Look here is the truth, this is probably just about you getting older. All of us are. There is going to be a point in your life where you are not going to be lusted after much, nothing you our I can do to change it. And even if you are Sophia Loren you will still not get the same attention that a young women would. If you and a younger version of you are in the same room, the younger version is going to win out. You can do things that give signals to say you are what they call easy and you may get some attention but that is what it is going to take. Sorry that is just biology. You have to accept this. The good news if fortunately this is not the only thing that there is to give you self worth. 

What happened at that get together the other night at it's most base level was a single women was there and single men who are looking for a mate started to stake their claim. You don't fit in that category by your own choice as you are married. Is that shallow, no I don't think so, you were young once too, those men deserve the chance to act the way you did. It's natural. You are married those days are past, if you can't get over that fact divorce. 

Again you really have two choices as I see it, you can come to terms with the idea that you will never be lusted for the way you once were and be an honorable faithful wife. Learn a different way to get attention and self worth. Or you can divorce and get your party on and end up with a bunch of lusting men. In the short term it probably will be nice. But in the long term where will it lead? How will it affect your husband whom you presumably love and your child? What is the endgame?

At best that life leads to shallow relationships that will end when this drug of a new fix gets old and you need to find someone else to pay attention. Eventually you just get old and you hit the wall as they say. Then there is no one who will want you and at that point you missed out on love. It's a drug. It's gonna leave you burned out and alone, with no one to love you for you. 

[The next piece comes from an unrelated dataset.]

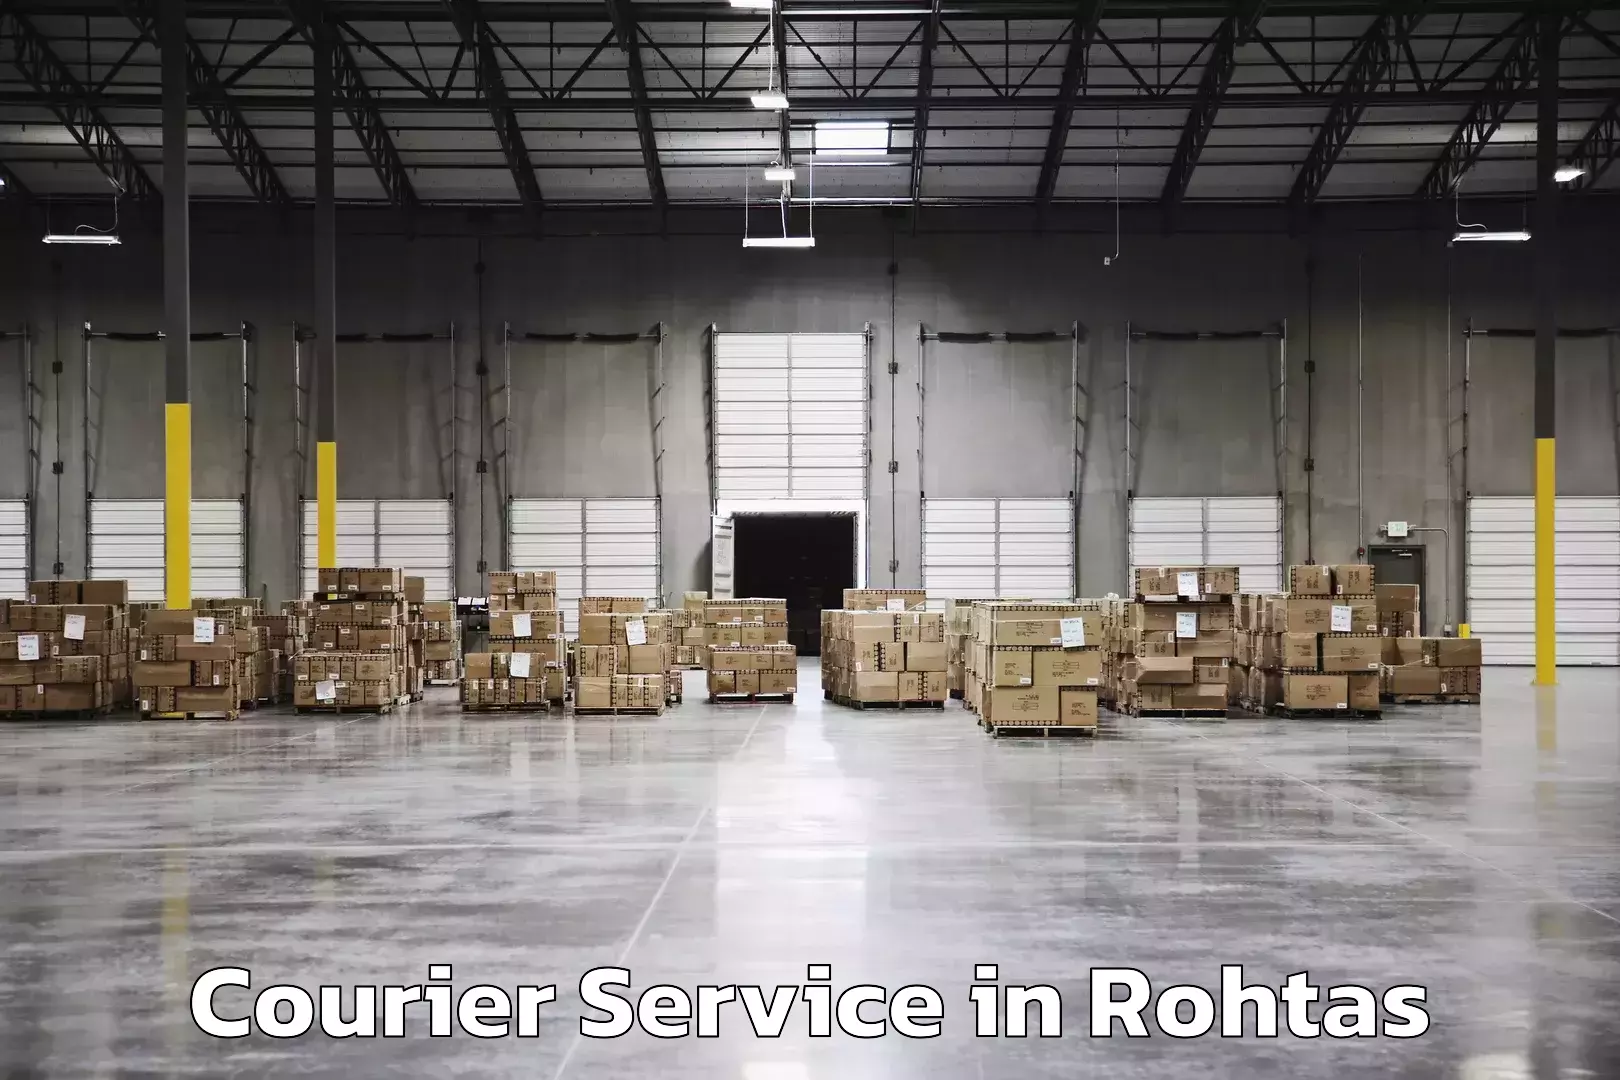 Fast delivery service in Rohtas

I am not sure why lust of many is more important to you then love. In most cases you have to choose.


----------



## sokillme (Jun 10, 2016)

UnicornCupcake said:


> Lots of good stuff here!
> 
> I think I live in a normal flirty society. A lot of the VERY flirty women because this is a univerisy city BUT I don't think I live in a prude place either. (Although we do have a conservative majority and always will, lol.)
> 
> ...


Maybe you should get a new social circle.


----------



## highwood (Jan 12, 2012)

UnicornCupcake said:


> This group was a group with common interests. That's why I'm handling everything so poorly. I know it's silly to take this personally and I try to remind myself that I've done the exact same thing to women. (There have been many cases in which I've met a woman who is clearly interested in pursuing a potential friendship and I'll "write" her off because I don't think her lifestyle just won't mesh with mine. So I just don't want to invest the social energy and precious time into someone I can't see turning into a friend. Maybe that's how these people see me?) I guess I'm just trying to find a personality other than "wife"... A niche so to speak. Debating on just becoming a mute.

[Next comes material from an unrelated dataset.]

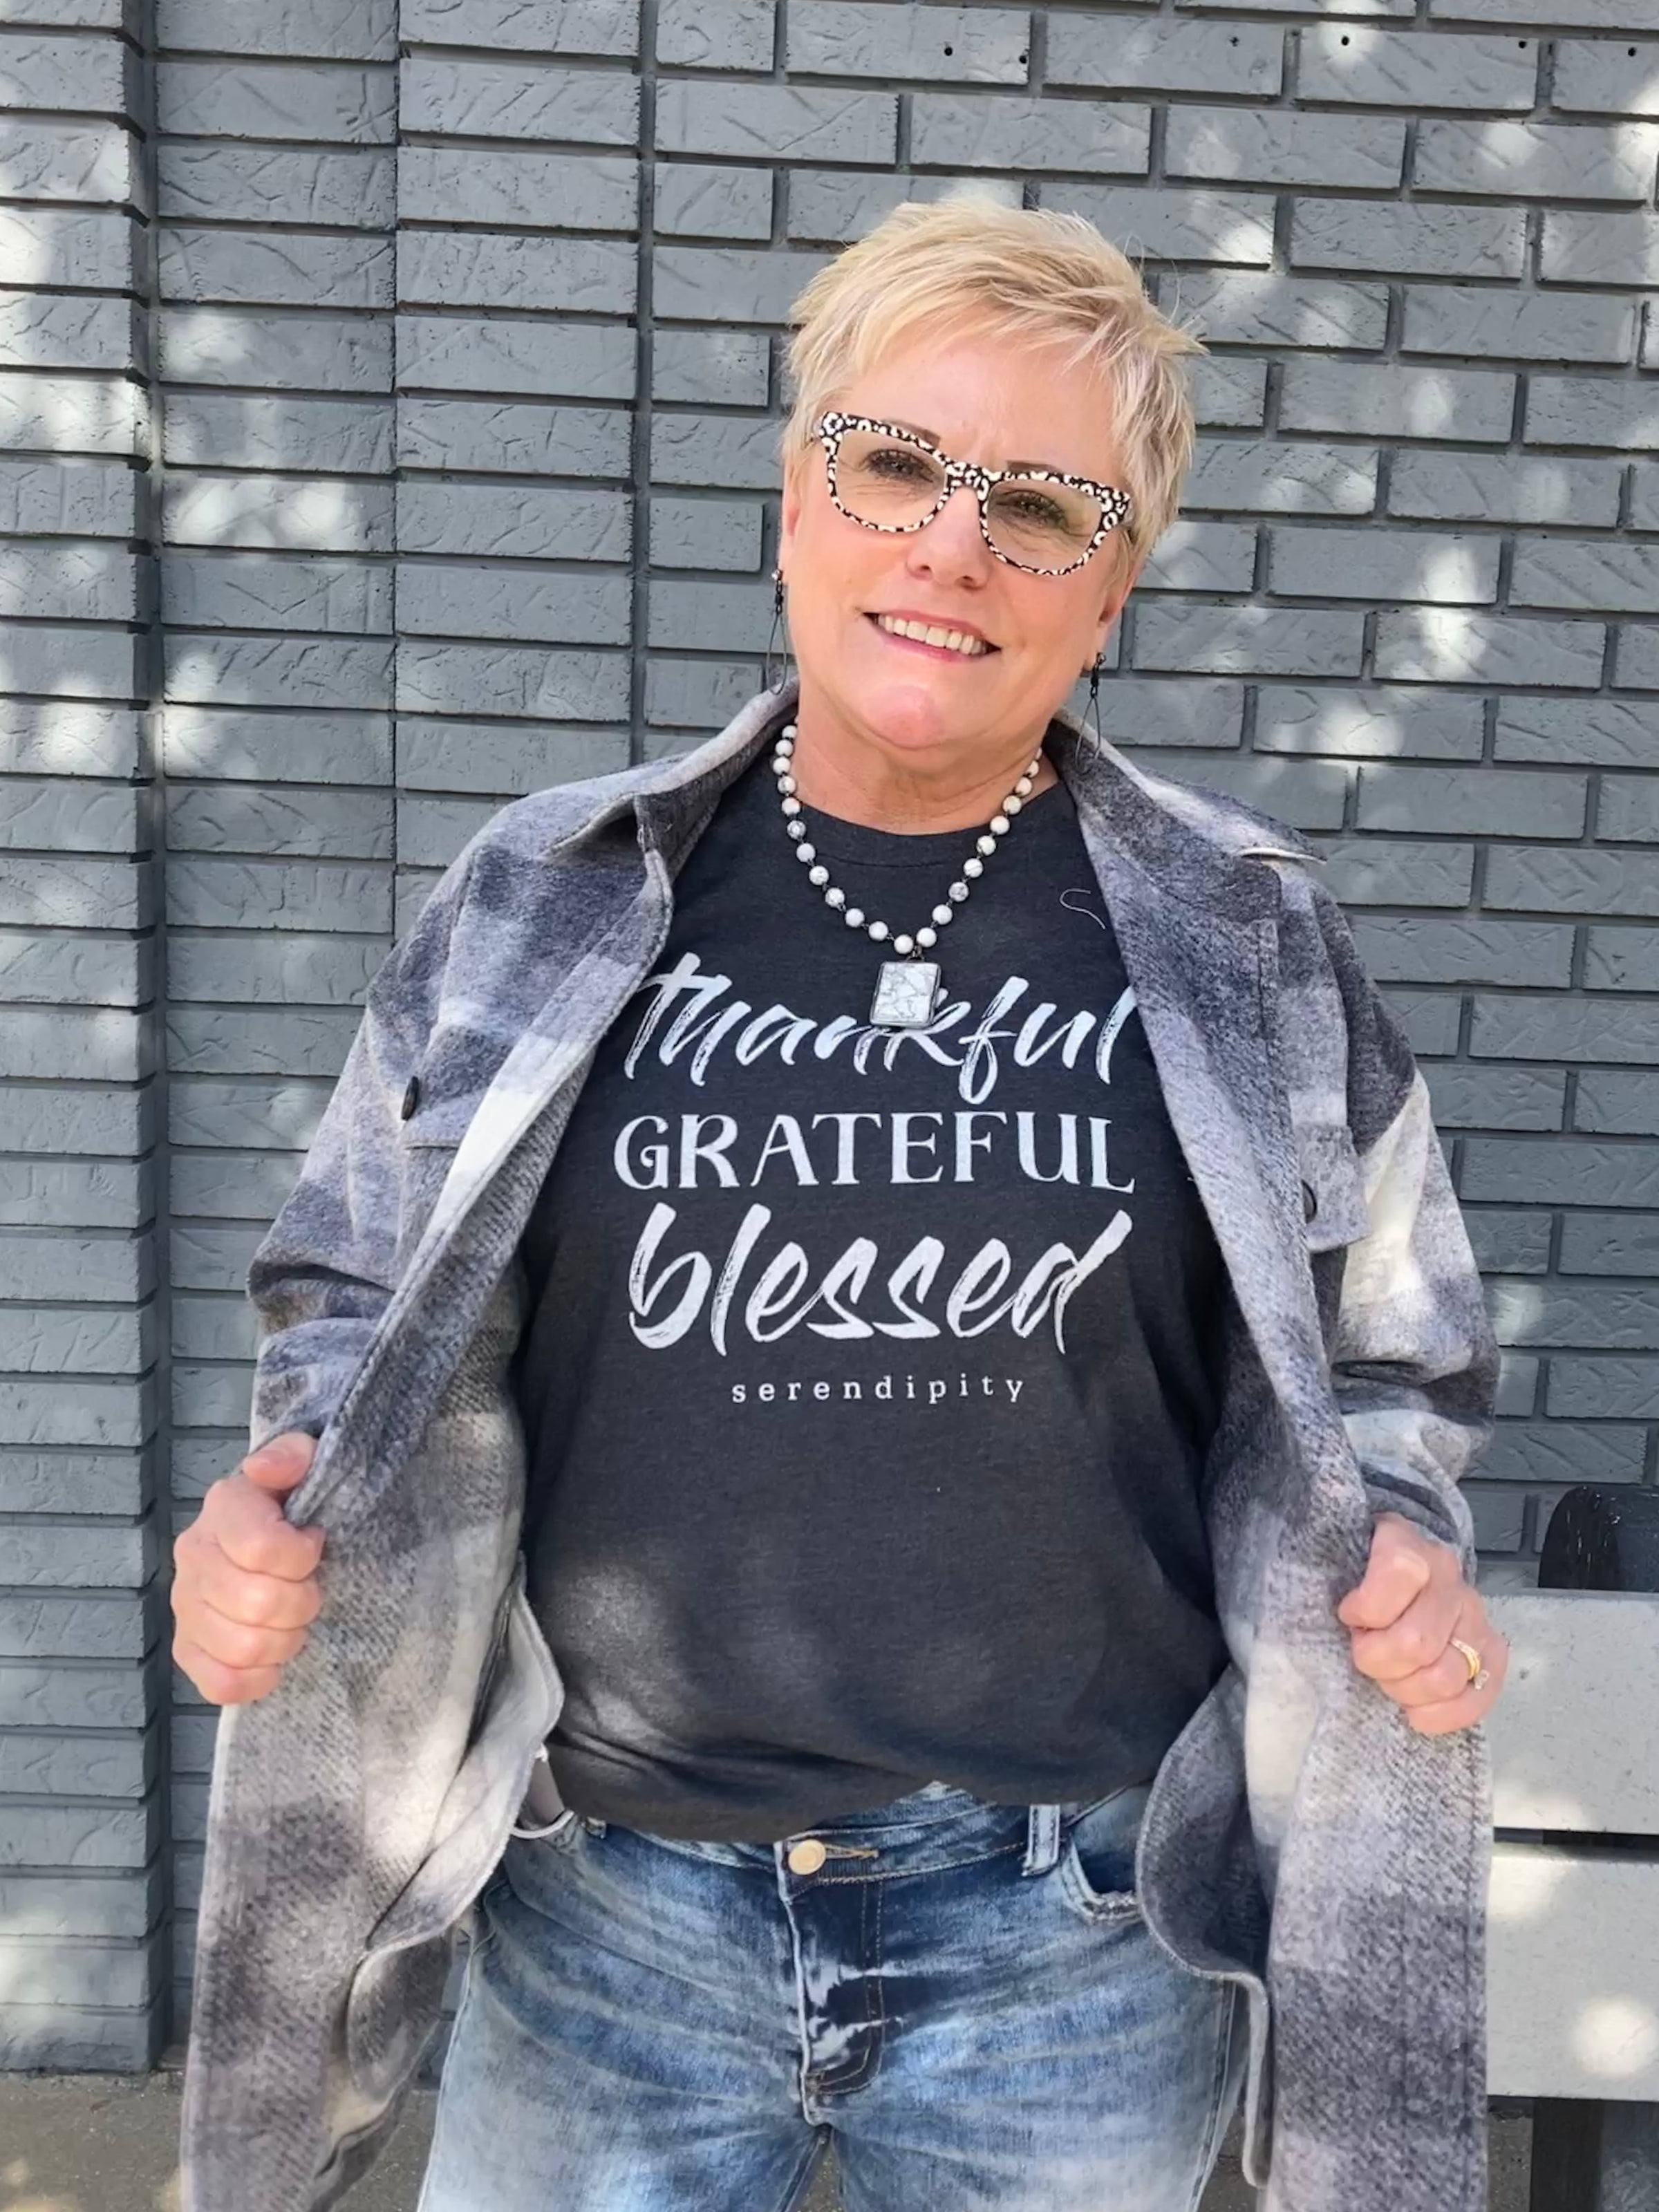 Woman Wearing a grey "thankful, grateful, blessed" graphic shirt with a grey flannel shacket over it.

I kind of get that...I am the same way, not sure if this is your situation but I tend to like working out, hiking, kickboxing, etc. and I lose potential friendships because other women I know their idea is to want to get together and go for coffee, I would rather go for a walk/hike and talk that way instead of just sitting somewhere and going for coffee, so I decline those types of invites. Does not interest me in the least....thus the invites stop after a while of course.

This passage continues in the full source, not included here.